DATASET CONTENT:
================

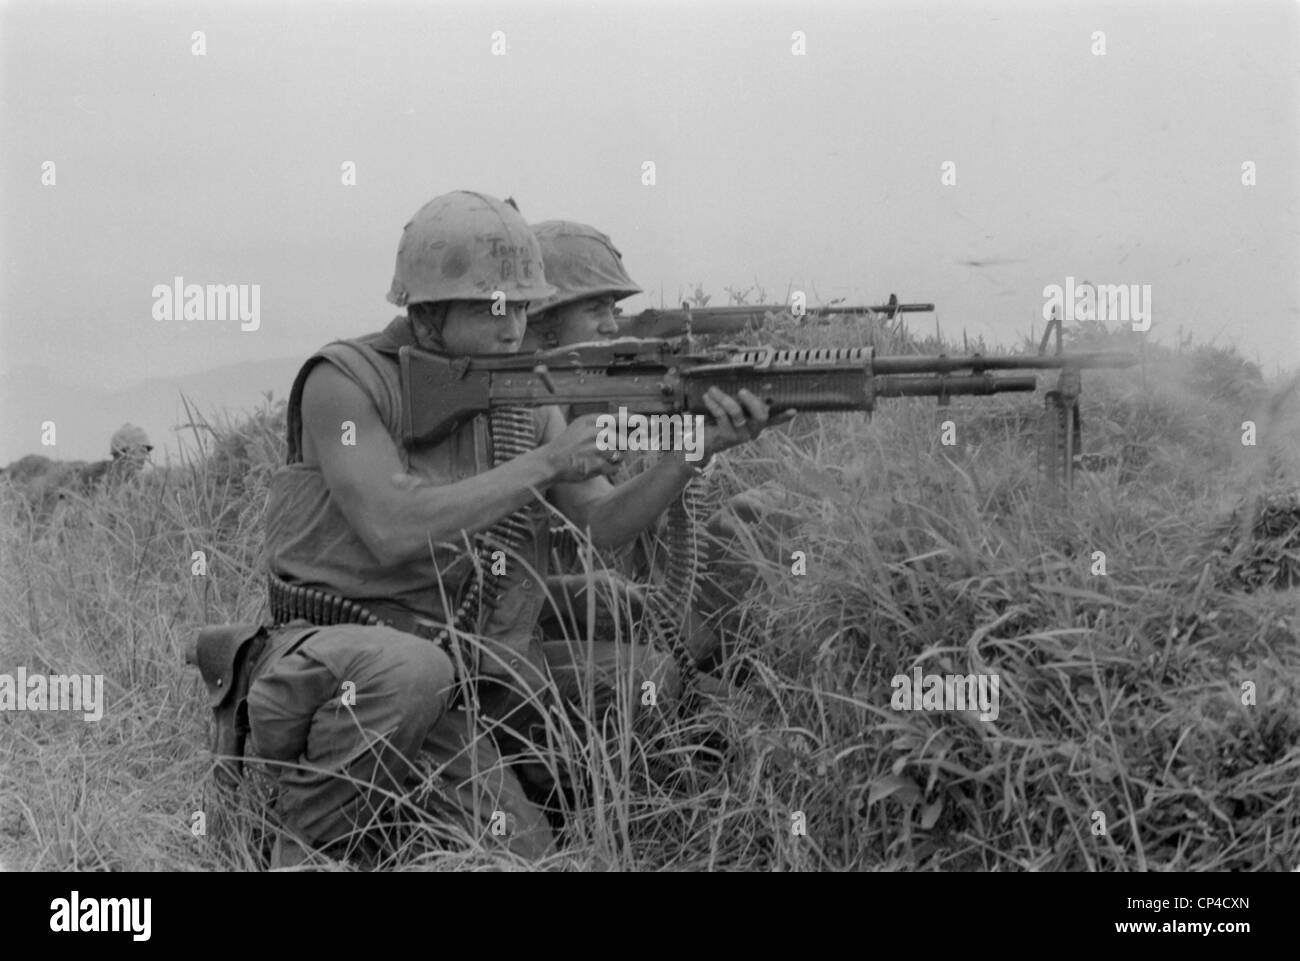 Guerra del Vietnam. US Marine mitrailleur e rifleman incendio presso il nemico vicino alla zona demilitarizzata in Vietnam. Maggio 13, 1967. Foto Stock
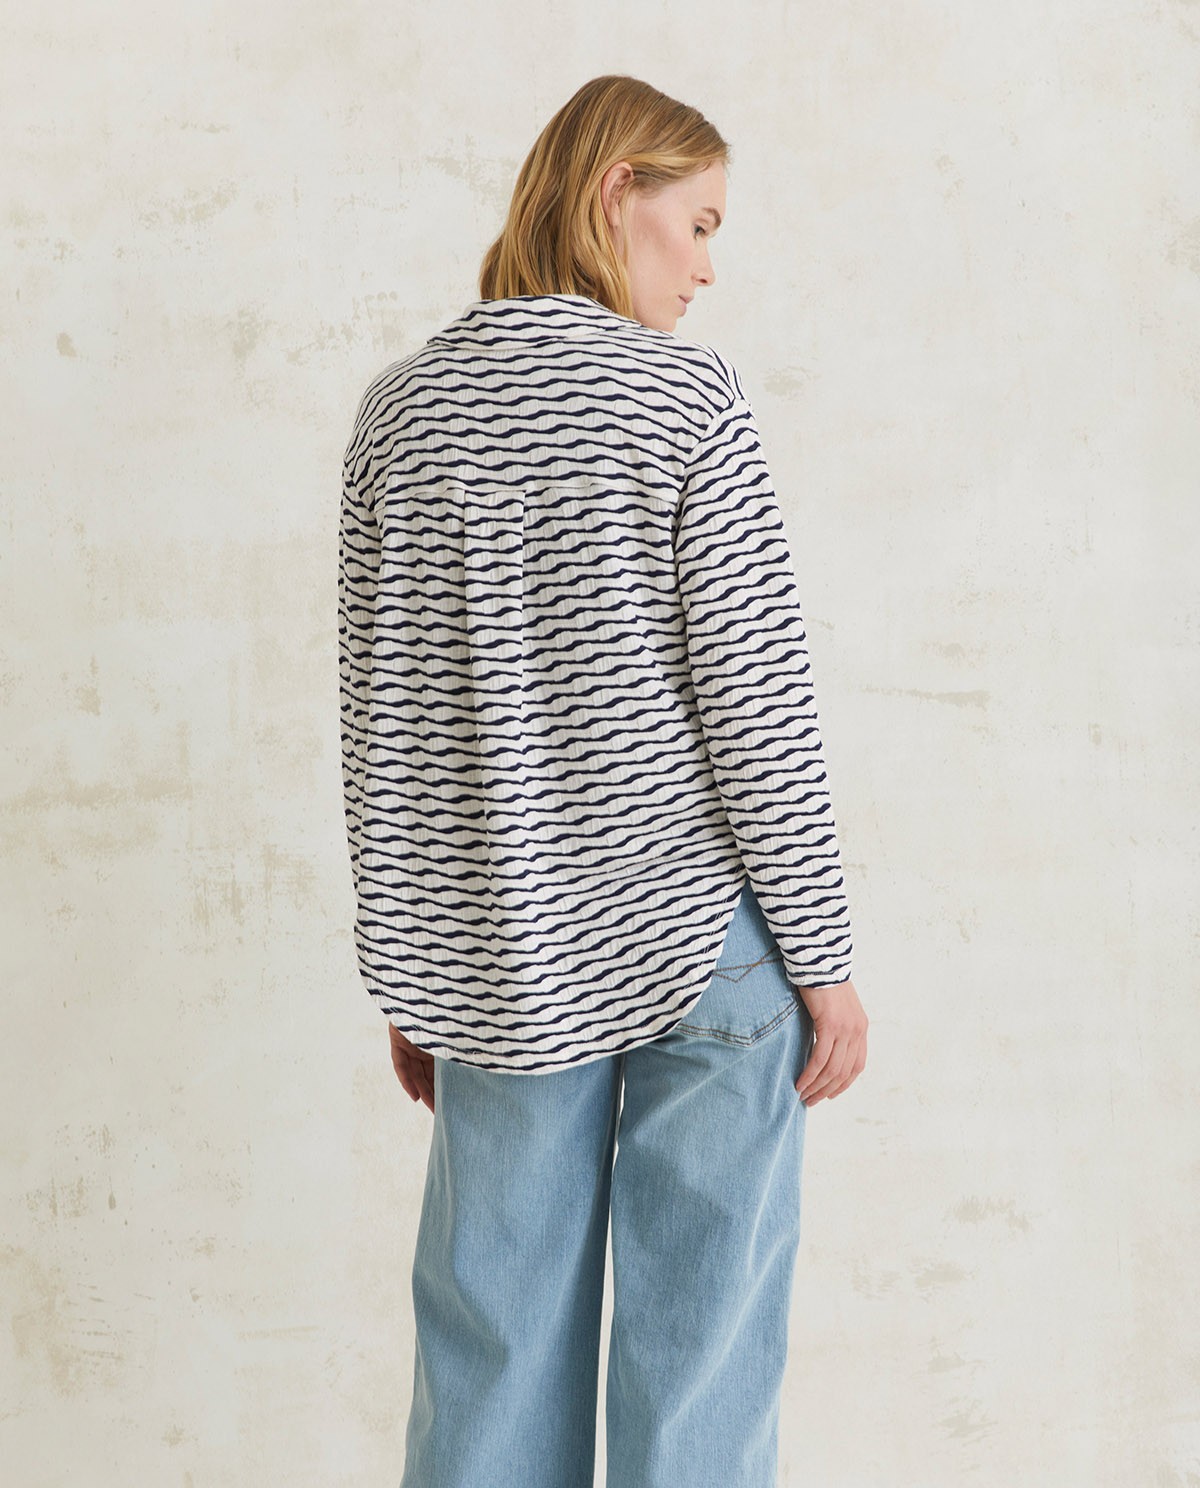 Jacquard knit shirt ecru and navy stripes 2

================

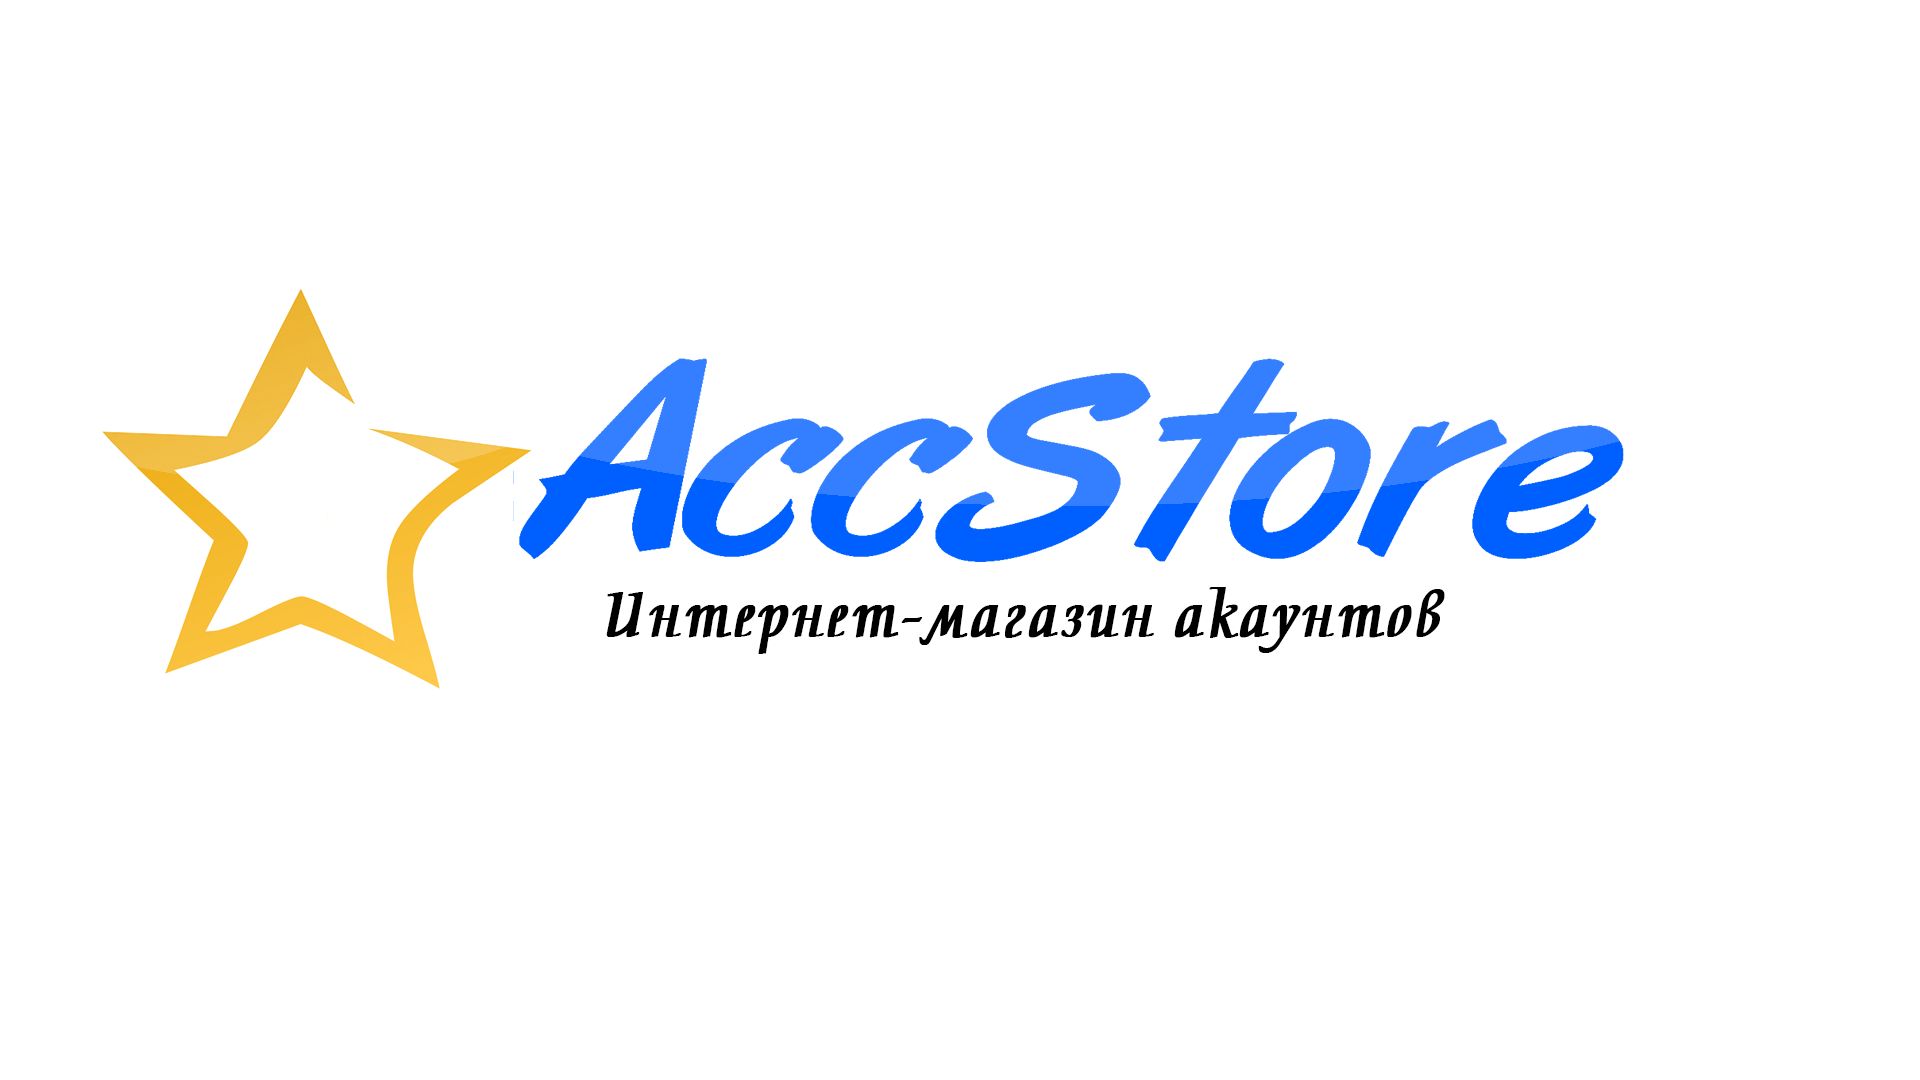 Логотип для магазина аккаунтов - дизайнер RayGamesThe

================

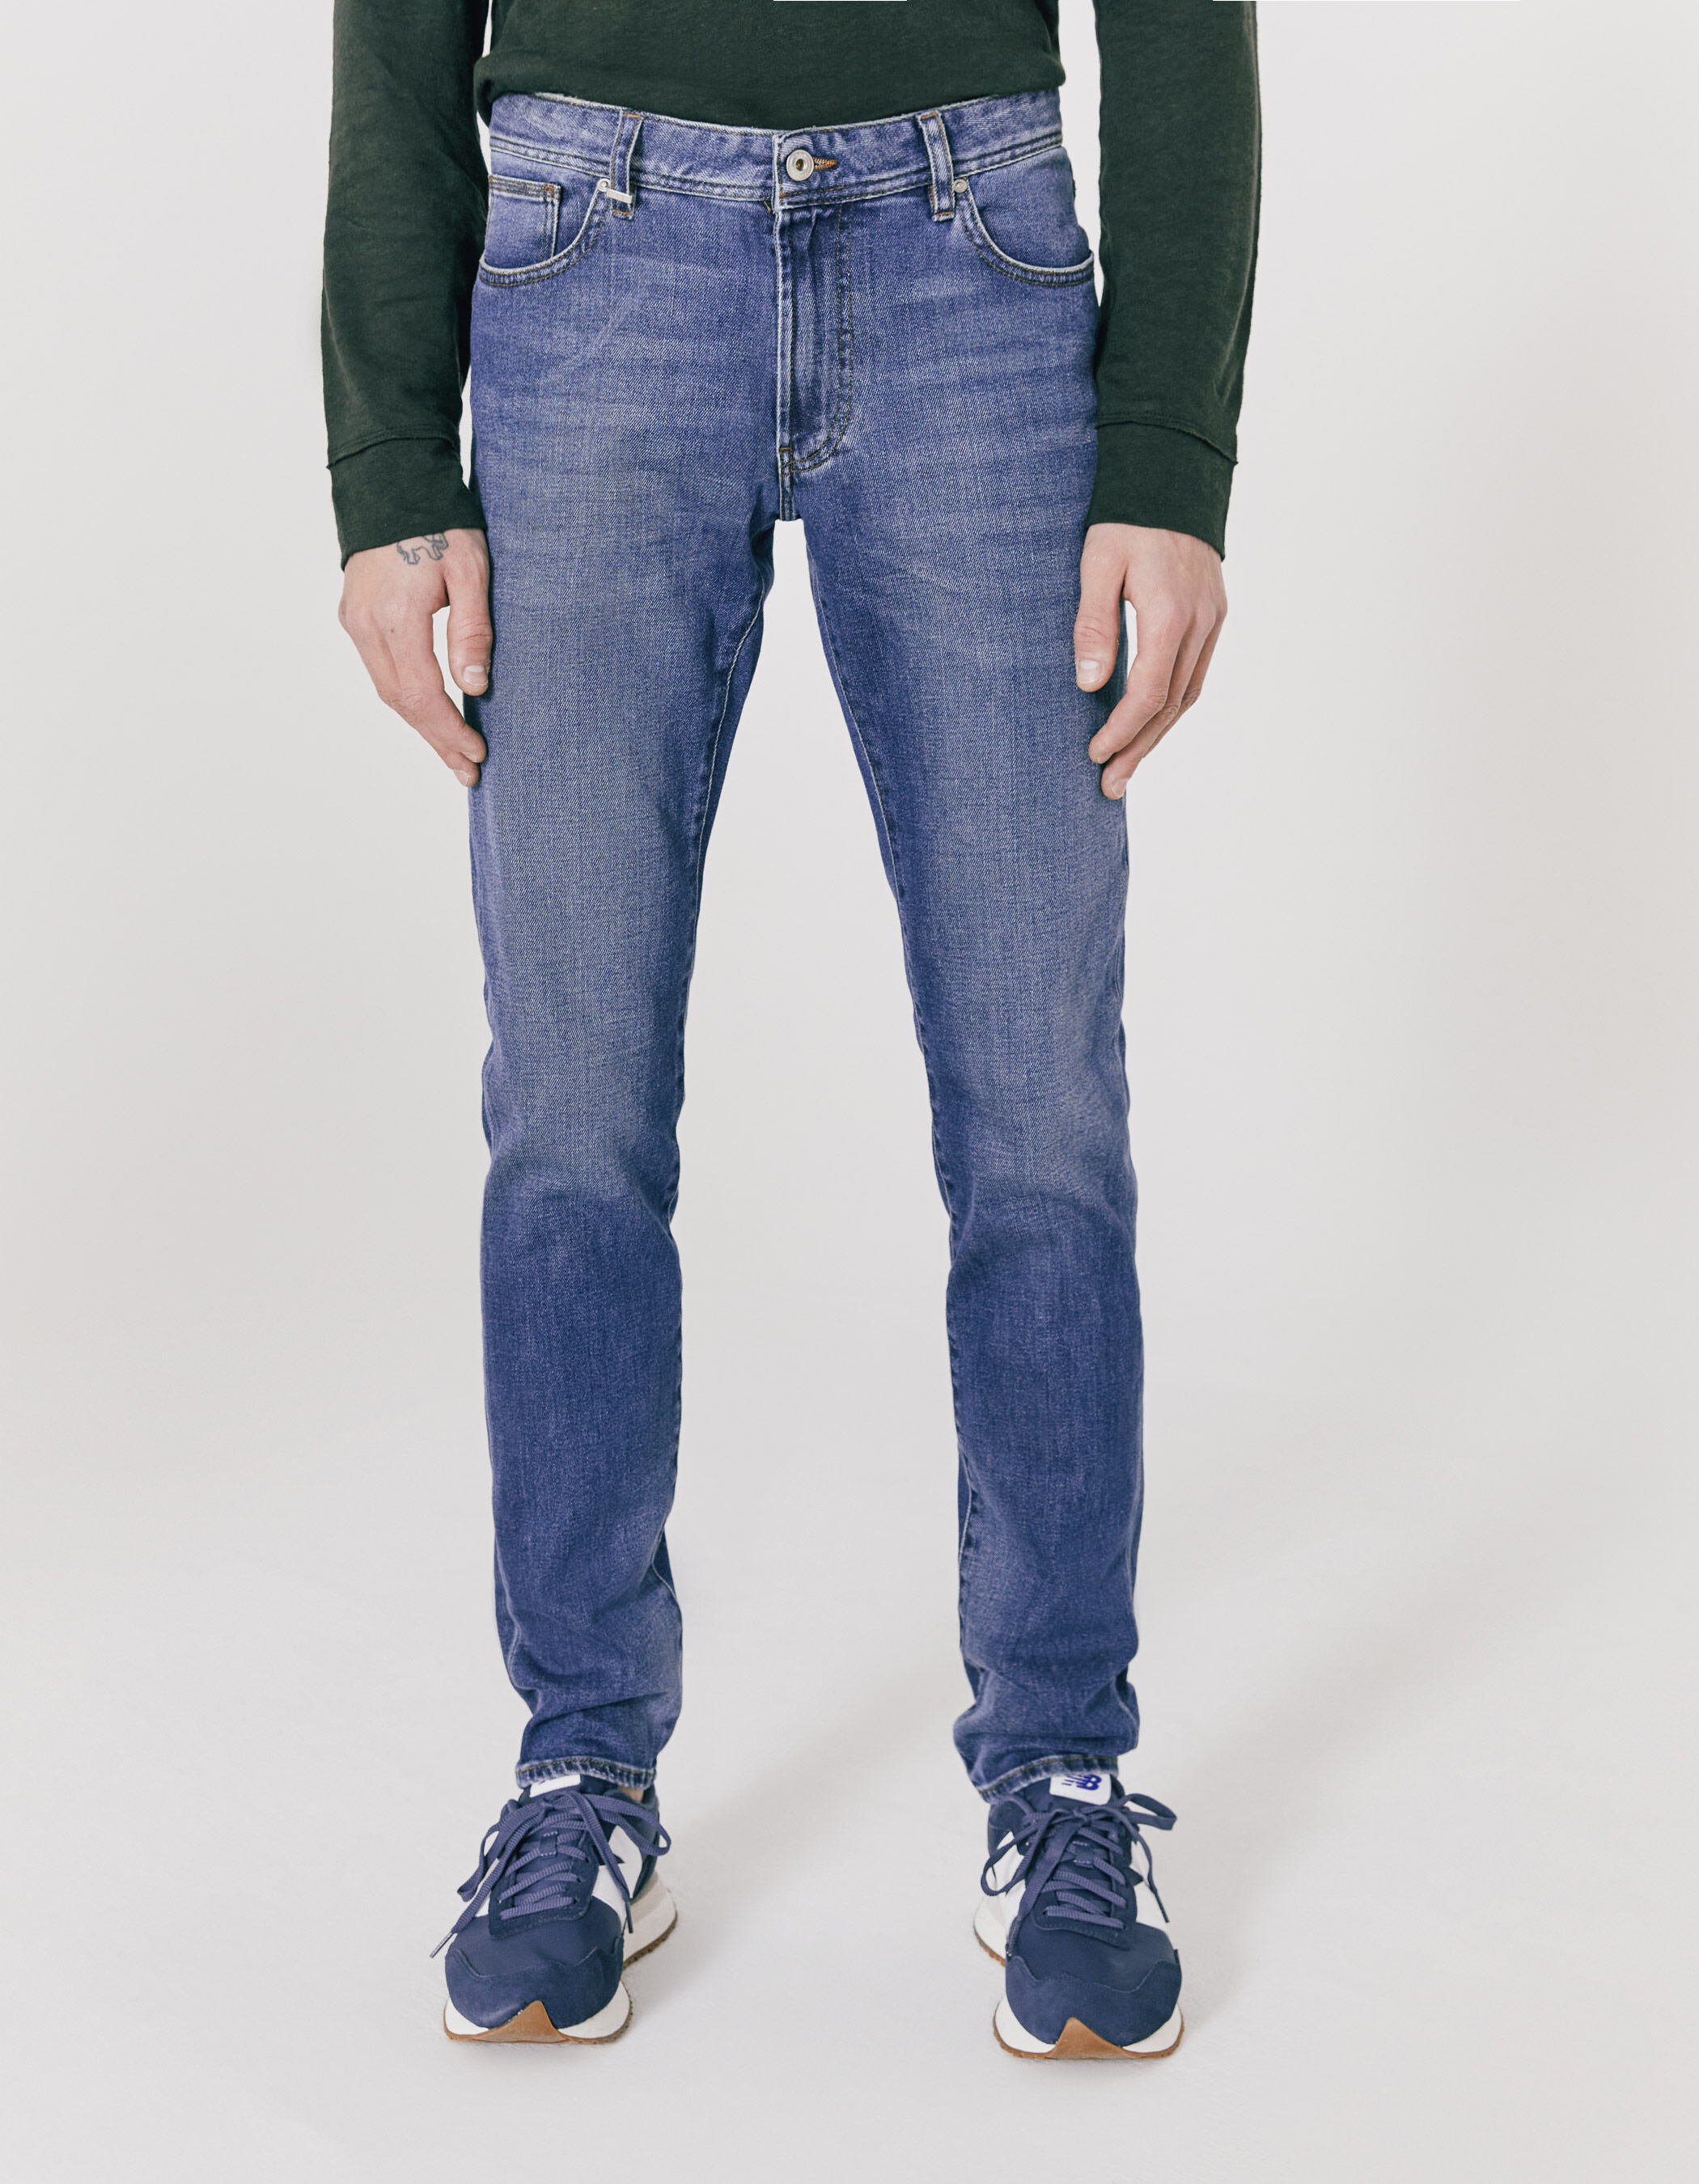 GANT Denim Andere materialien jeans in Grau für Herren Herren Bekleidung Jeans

================

PROBLEM DETAILS:
Nothing but the lines above, starting at the line that contains "Guerra del Vietnam." and ending at the line that contains "Jacquard knit shirt ecru and navy stripes 2", should be given again, exactly and without the pictures.

OUTPUT:
 Guerra del Vietnam. US Marine mitrailleur e rifleman incendio presso il nemico vicino alla zona demilitarizzata in Vietnam. Maggio 13, 1967. Foto Stock
 Jacquard knit shirt ecru and navy stripes 2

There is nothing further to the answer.